Read-like-fullpaper digest

This paper addresses In personalized search systems, ranking models are predominantly optimized using post-hoc user feedback(e.g. The core method is that treats semantic reconstruction as a train-only regularizer.
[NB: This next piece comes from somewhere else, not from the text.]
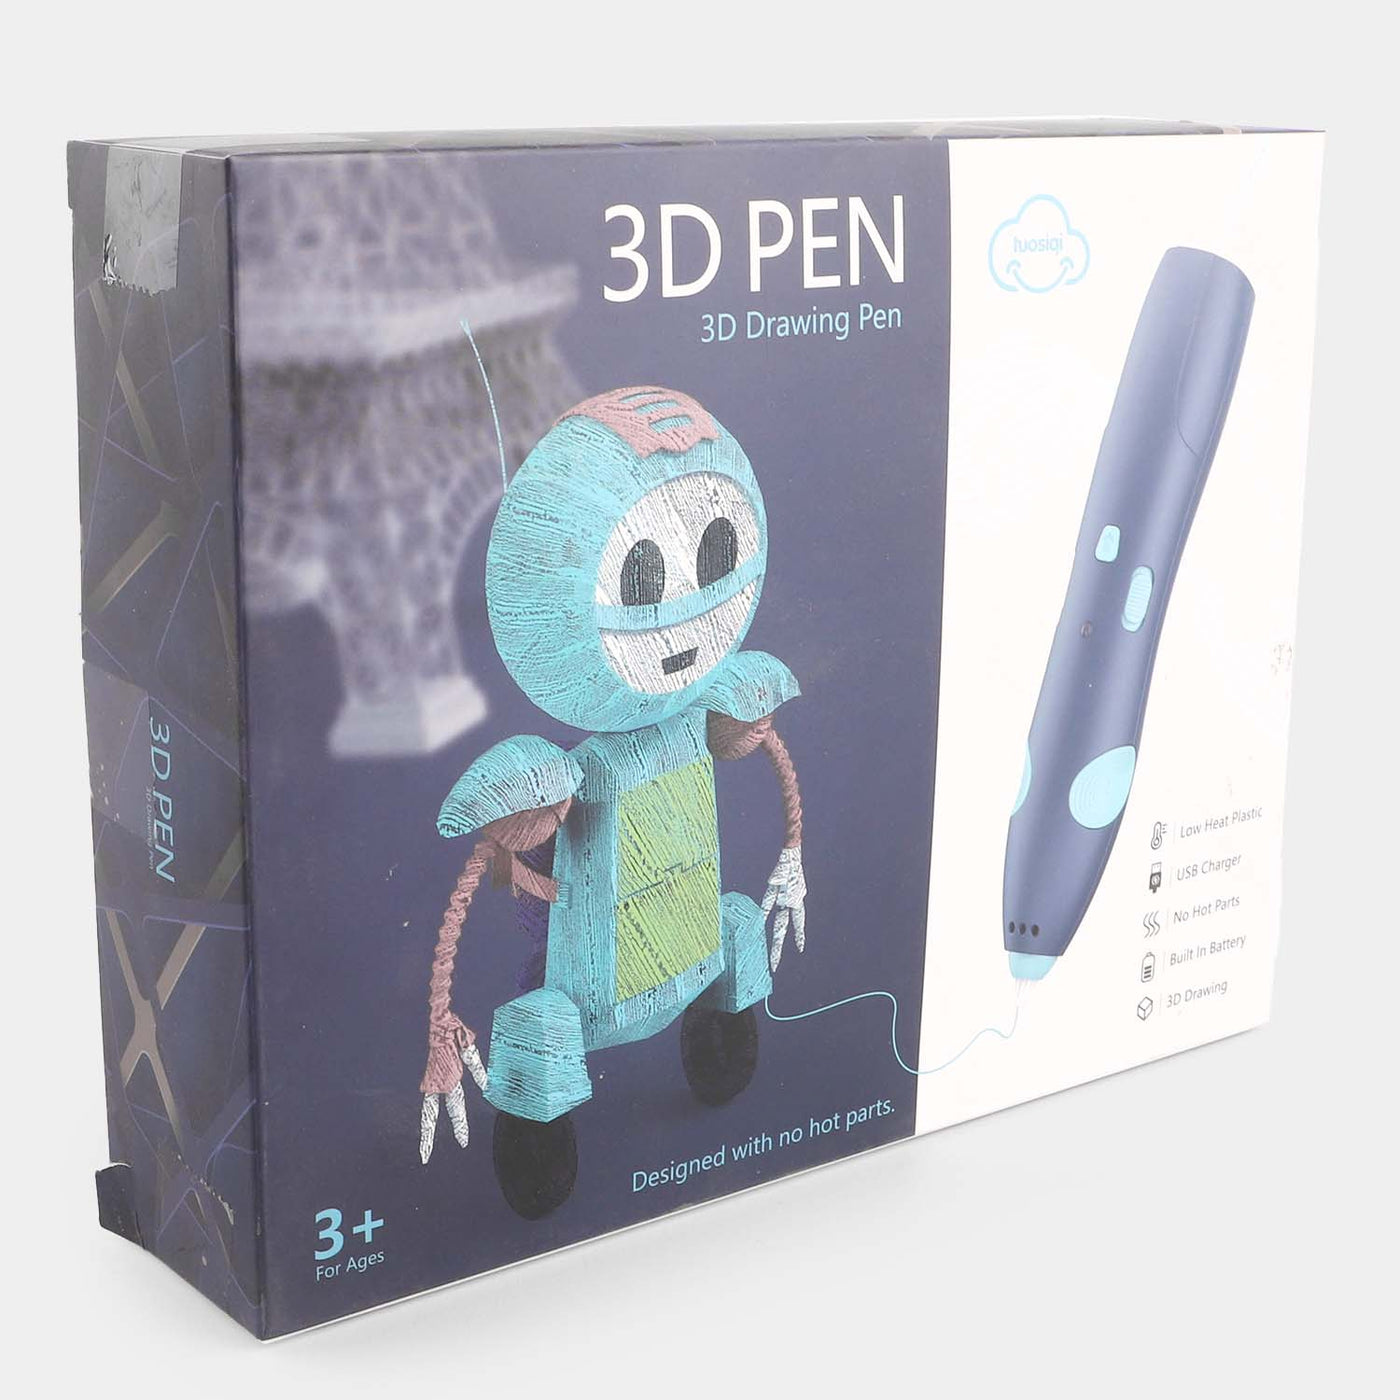 3D Printing Pen For Kids

Key empirical findings include We attribute this bottleneck to a critical Knowledge–Action Gap: the inherent conflict between preserving pre-trained semantic knowledge and aligning with specific personalized actions by discriminative objectives.

상세 요약 (KO)

문제 정의

개인화된 검색 시스템에서 순위 모델은 주로 사후 사용자 피드백(예:
이 최적화 패러다임은 필연적으로 사후 암기 기능(항목 ID, 동시 발생 통계 등)에 특권을 부여합니다.
이는 자연스럽게 시스템의 일반화 기능을 보상하기 위해 LLM의 풍부하고 사전 훈련된 의미 지식을 활용하는 동기를 부여합니다[6, 9, 11, 15].
LLM 통합은 직관적으로 매력적이지만 개인화된 순위를 위해 LLM을 직접 미세 조정하면 성능 향상이 제한적인 경우가 많습니다.

핵심 아이디어/방법

의미론적 재구성을 열차 전용 정규화 도구로 취급합니다.
KARMA는 두 가지 보완적인 목표를 통해 의미론적 디코딩 가능성(지식)을 적용하는 동시에 검색(작업)을 위한 nextinterest 임베딩을 최적화합니다. (i) LLM의 기본 다음 토큰 배포에 최적화를 고정하는 기록 조건화된 의미론적 생성과 (ii) 의미론적으로 복구 가능한 상태로 유지되도록 관심 임베딩을 제한하는 임베딩 조건부 의미론적 재구성입니다.
Taobao 검색 시스템에서 KARMA는 의미론적 붕괴(주의 집중 분석)를 완화하고 행동 지표와 의미론적 충실도를 모두 향상시킵니다.
KARMA를 통해 순위에서 +0.25 CTR AUC, 사전 순위에서 +1.86 HR, 리콜에서 +2.51 HR을 달성했습니다.
온라인 배포 이 저작물의 전부 또는 일부를 개인적 또는 수업용으로 디지털 또는 하드 카피로 만들 수 있는 권한은 사본이 영리 또는 상업적 이익을 위해 제작 또는 배포되지 않고 사본의 첫 페이지에 이 공지 및 전체 인용이 표시되는 경우 무료로 부여됩니다.

실험 설정/결과

우리는 이러한 병목 현상을 중요한 지식-행동 격차, 즉 사전 훈련된 의미론적 지식을 보존하는 것과 차별적 목표에 따라 특정 개인화된 행동에 맞추는 것 사이의 본질적인 갈등에 기인한다고 생각합니다.
경험적으로, 행동 전용 훈련 목표는 주의 "싱크"와 같은 의미론적 붕괴를 유발합니다.
이러한 저하로 인해 LLM의 일반화가 심각하게 손상되어 개인화된 검색 시스템을 개선하지 못합니다.
우리는 의미론적 재구성을 열차 전용 정규화 도구로 처리하는 통합 프레임워크인 KARMA(Knowledge-Action Regularized Multimodal Alignment)를 제안합니다.
KARMA는 두 가지 보완적인 목표를 통해 의미론적 디코딩 가능성(지식)을 적용하는 동시에 검색(작업)을 위한 nextinterest 임베딩을 최적화합니다. (i) LLM의 기본 다음 토큰 배포에 최적화를 고정하는 기록 조건화된 의미론적 생성과 (ii) 의미론적으로 복구 가능한 상태로 유지되도록 관심 임베딩을 제한하는 임베딩 조건부 의미론적 재구성입니다.

한계/리스크

그러나 실제로 우리는 산업 맞춤형 작업(예:
우리는 이러한 병목 현상을 중요한 지식-행동 격차, 즉 사전 훈련된 의미론적 지식을 보존하는 것과 차별적 목표에 따라 특정 개인화된 행동에 맞추는 것 사이의 본질적인 갈등에 기인한다고 생각합니다.
경험적으로, 행동 전용 훈련 목표는 주의 "싱크"와 같은 의미론적 붕괴를 유발합니다.
이러한 저하로 인해 LLM의 일반화가 심각하게 손상되어 개인화된 검색 시스템을 개선하지 못합니다.

전체 논문 읽은 느낌 요약

이 논문은 개인화된 검색 시스템에서 순위 모델은 주로 사후 사용자 피드백을 사용하여 최적화됩니다(예: 핵심 방법은 의미 체계 재구성을 열차 전용 정규화 도구로 처리하는 것입니다. 주요 경험적 연구 결과는 다음을 포함합니다. 이러한 병목 현상은 사전 훈련된 의미 체계 지식을 보존하는 것과 차별적 목표에 따라 특정 개인화된 행동과 얼라인먼트하는 것 사이의 내재된 충돌인 중요한 지식-행동 격차에 기인합니다.